GIVEN INFORMATION
-*-

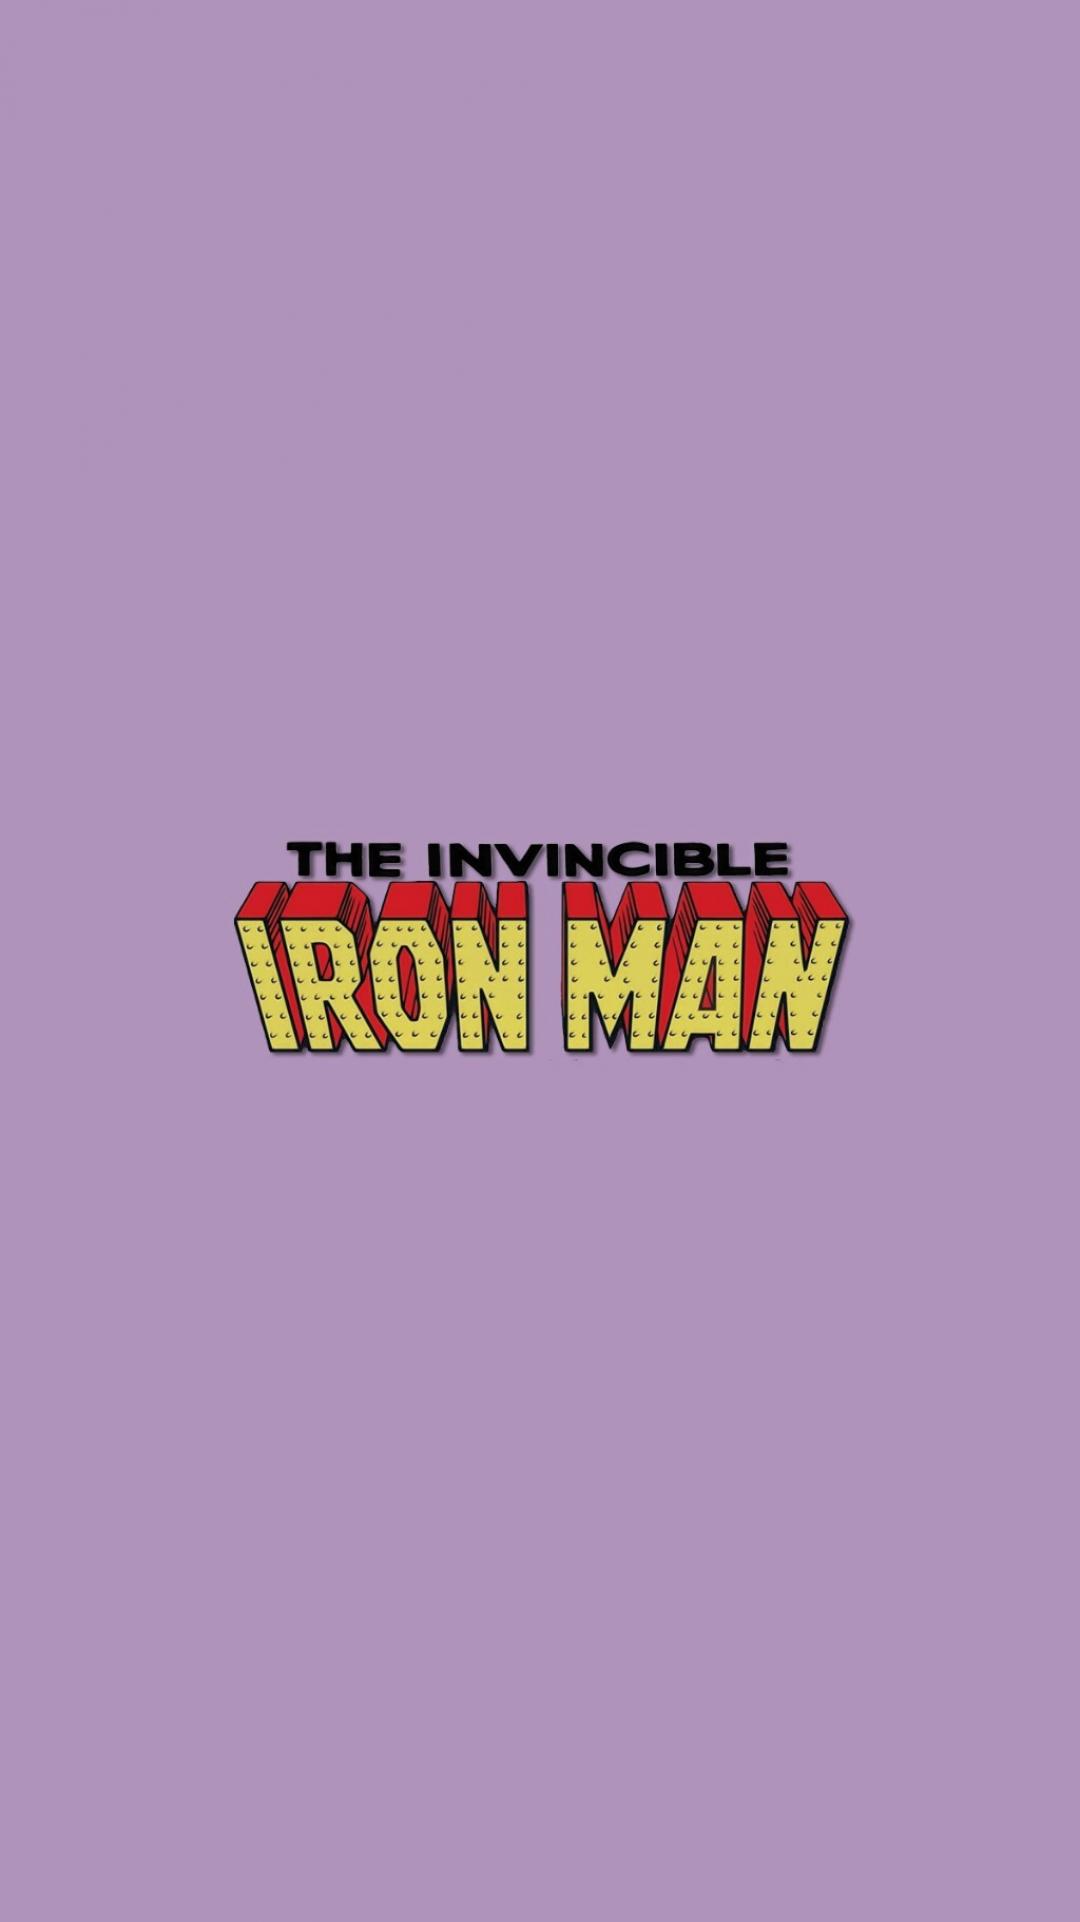 15 Wallpaper Marvel Desktop Iron Man In 2020 Tumblr Iphone Wallpaper Iphone Backgrounds Tumblr Marvel Wallpaper
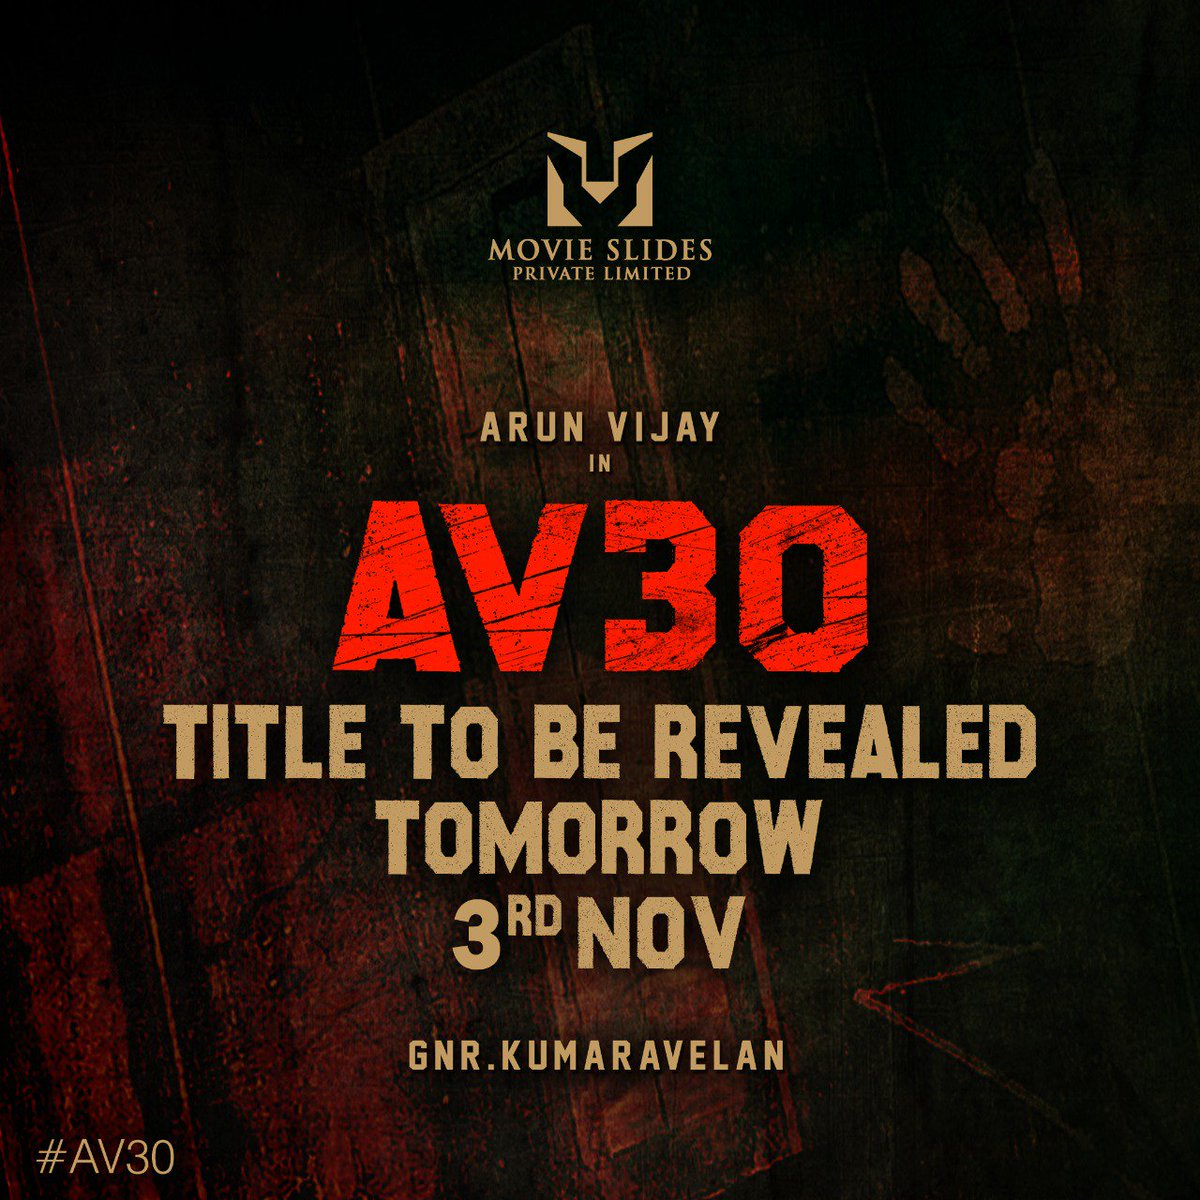 #AV30Title will be announced tomorrow November 3rd.  @arunvijayno1 | Directed by #GNRKumaravelan | @DoneChannel1
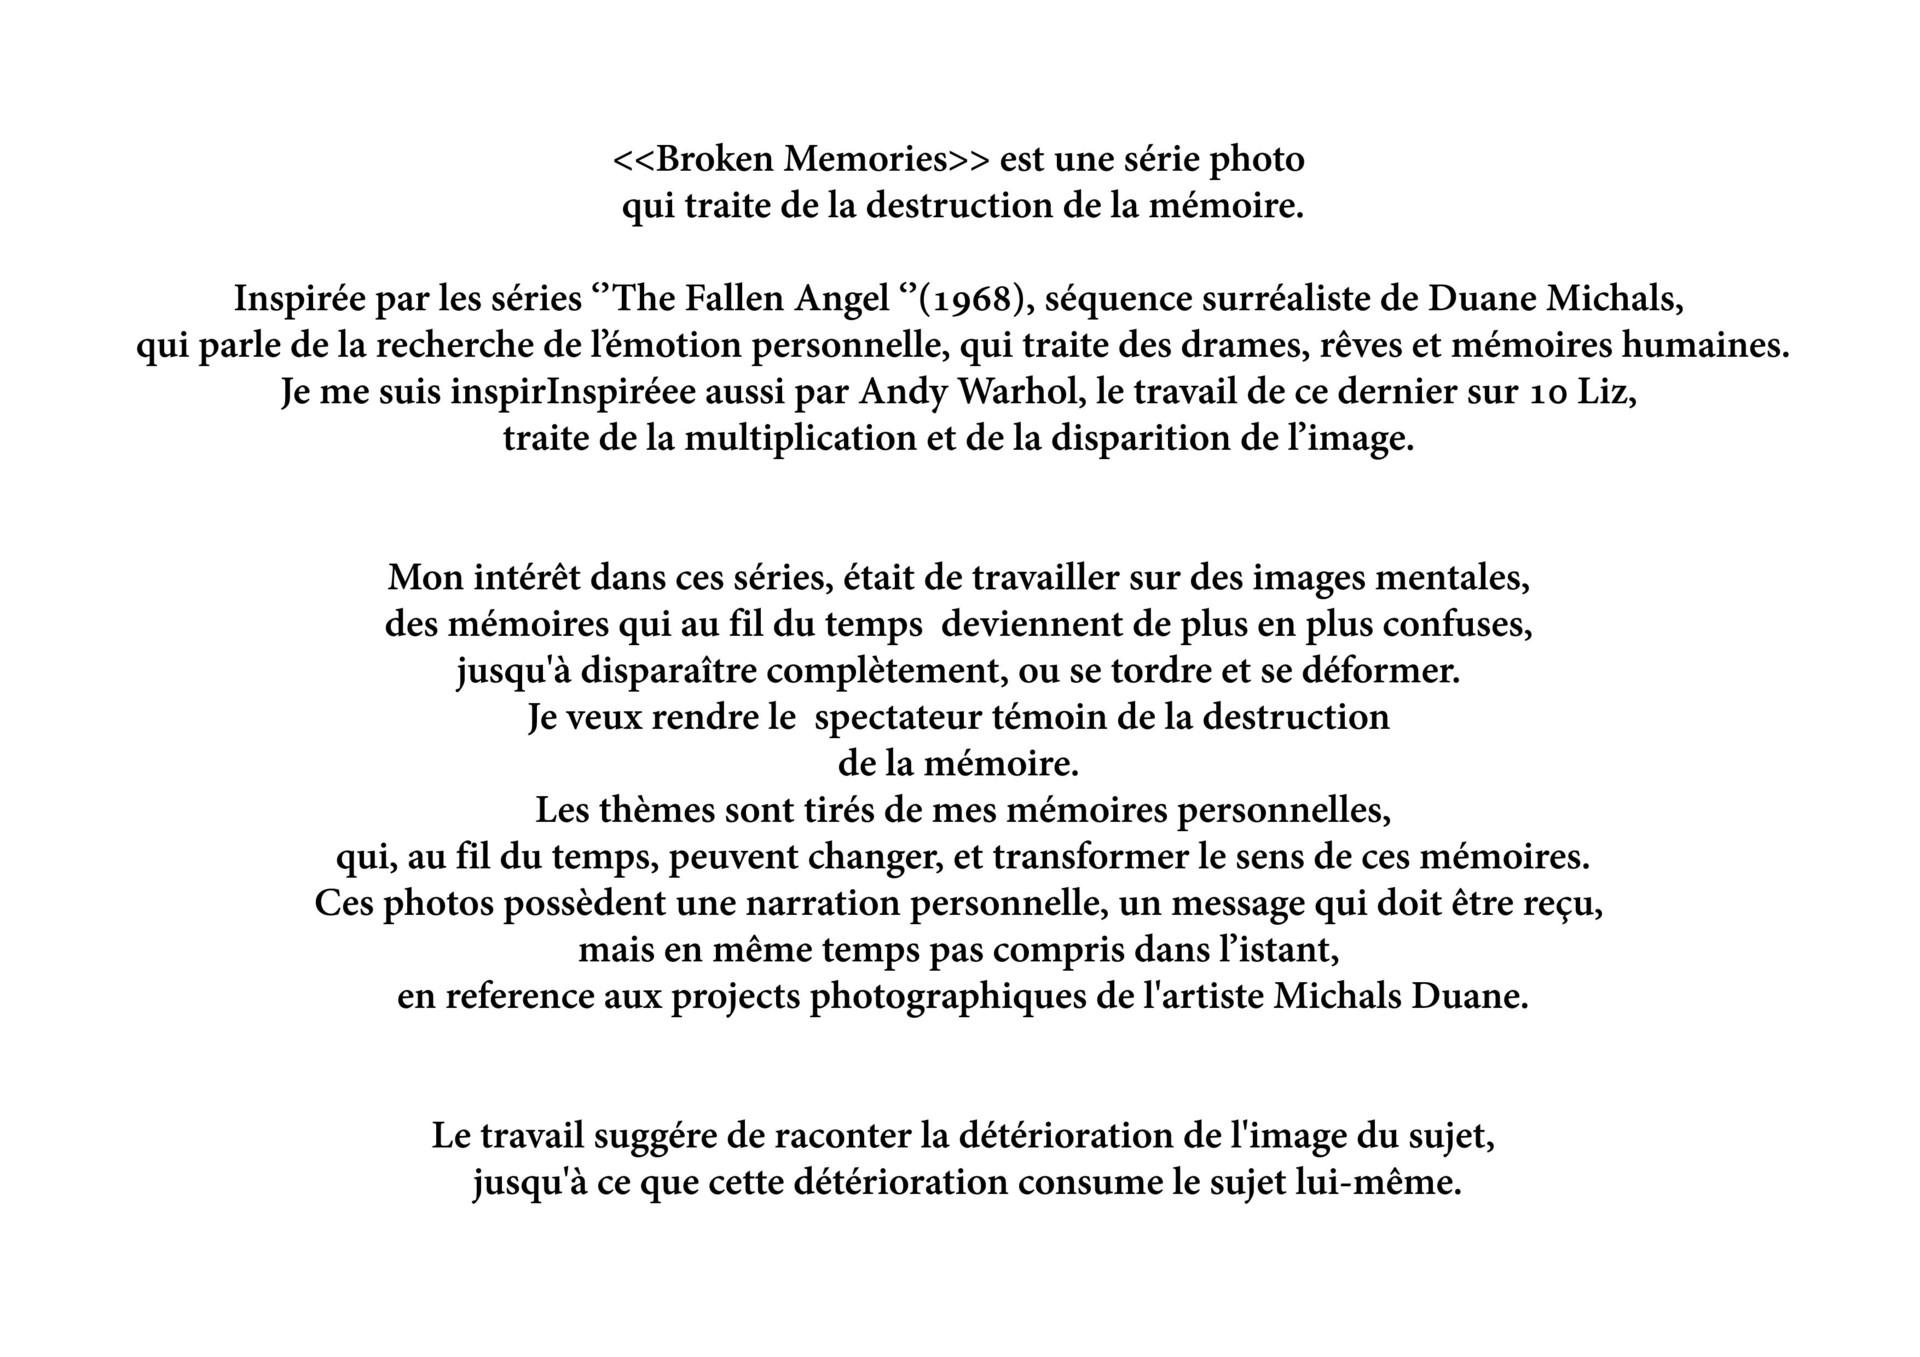 ArtStation - ACCADEMIC PHOTOS PROJECT - Memoire, Carulli

-*-

Exact copy, no images: rewrite the entire listing above.

REPLY
 15 Wallpaper Marvel Desktop Iron Man In 2020 Tumblr Iphone Wallpaper Iphone Backgrounds Tumblr Marvel Wallpaper
 #AV30Title will be announced tomorrow November 3rd.  @arunvijayno1 | Directed by #GNRKumaravelan | @DoneChannel1
 ArtStation - ACCADEMIC PHOTOS PROJECT - Memoire, Carulli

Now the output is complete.